Me saca de la cama con unos buenos días llenos de serenidad; discuto con mi cascarrabias si no se trata de una impostación. Por un momento dudo sobre la calma y dulzura que desprende su forma de hablar, pero debe ser algo natural si las mantiene durante tanto tiempo. Claro, súmale la piel pálida y los iris de orfebre. El haber estado escondida en mi memoria y su reaparición orquestada. La desnudez de nuestra conversación matinal: yo me fumo un par de sus cigarrillos negros mientras ella se disculpa por el crunch de sus cereales. La cago diciéndole que el crunch tiene algo bello que no debe ser silenciado. O quizás no. Parece cómoda con lo irritante de mi franqueza. Caminamos juntos, vamos al estanco, la acompaño al banco, seguimos hasta la estación. Mientras tanto hablamos de belleza interna y curvada, de suicidio, depresión y amor.

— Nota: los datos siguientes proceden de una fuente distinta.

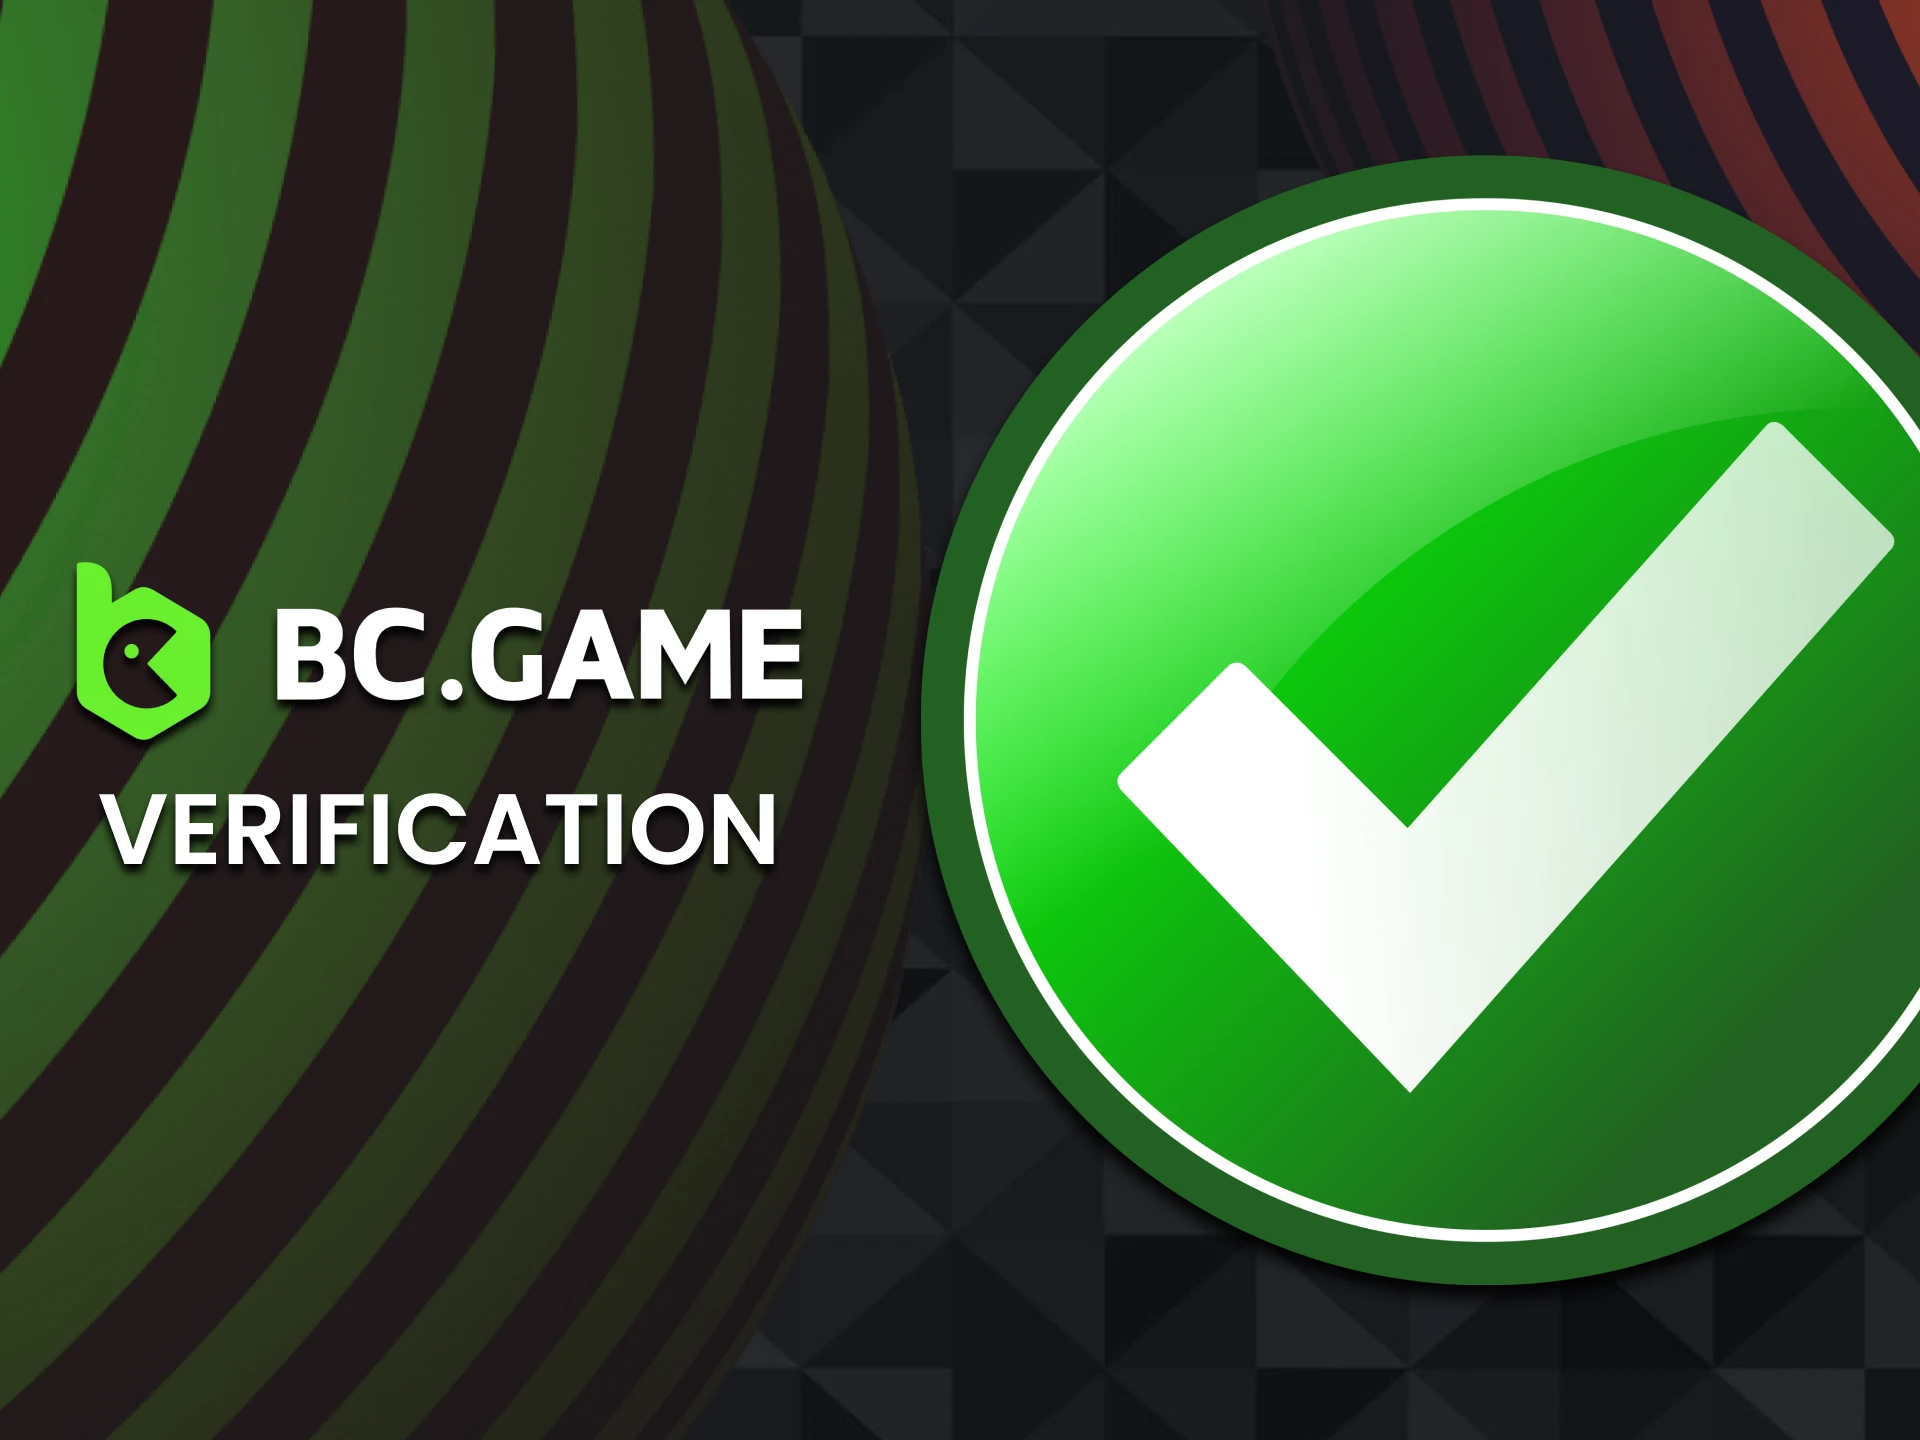 Verify your BC Game account and bet safely.

Nos despedimos con cortesía. Supongo que ella, de guardarme, lo hace en un rincón apretujado de la memoria. Yo no llego a planteármela hasta pasados dos días. Entonces la coloco junto al azafrán y los poemas adolescentes. Me abofeteo por no haber sabido verla en 1994. Claro que… ¿qué coño veía yo entonces? Mamás como ella, treintañeras serenas con aspecto de lavarse las mejillas con jabones florales.

Mi tragedia comienza cuando nos veo en la misma sala de espera. El amor que no llega. Porque ella, al igual que yo, cree en la posibilidad de mantener una relación limpia y trazada desde el respeto y otras cosas incondicionales. Esperamos, charlamos compartiendo afinidades. Podríamos conformarnos con un baile de sexos, pero si ella lo hiciera dejaría de admirarla. Así que ninguno de los dos se detiene ahí y el intercambio sigue. Prefiero admirarla silenciosamente. Recordar dónde está cada lunar y dejarla ahí, pintando encima del sol de la mañana con una de las ceras del descansillo.

Mejor dejarlo ahí. Yo nunca seré padre, sólo me acercaré a los niños y contemplaré a sus madres.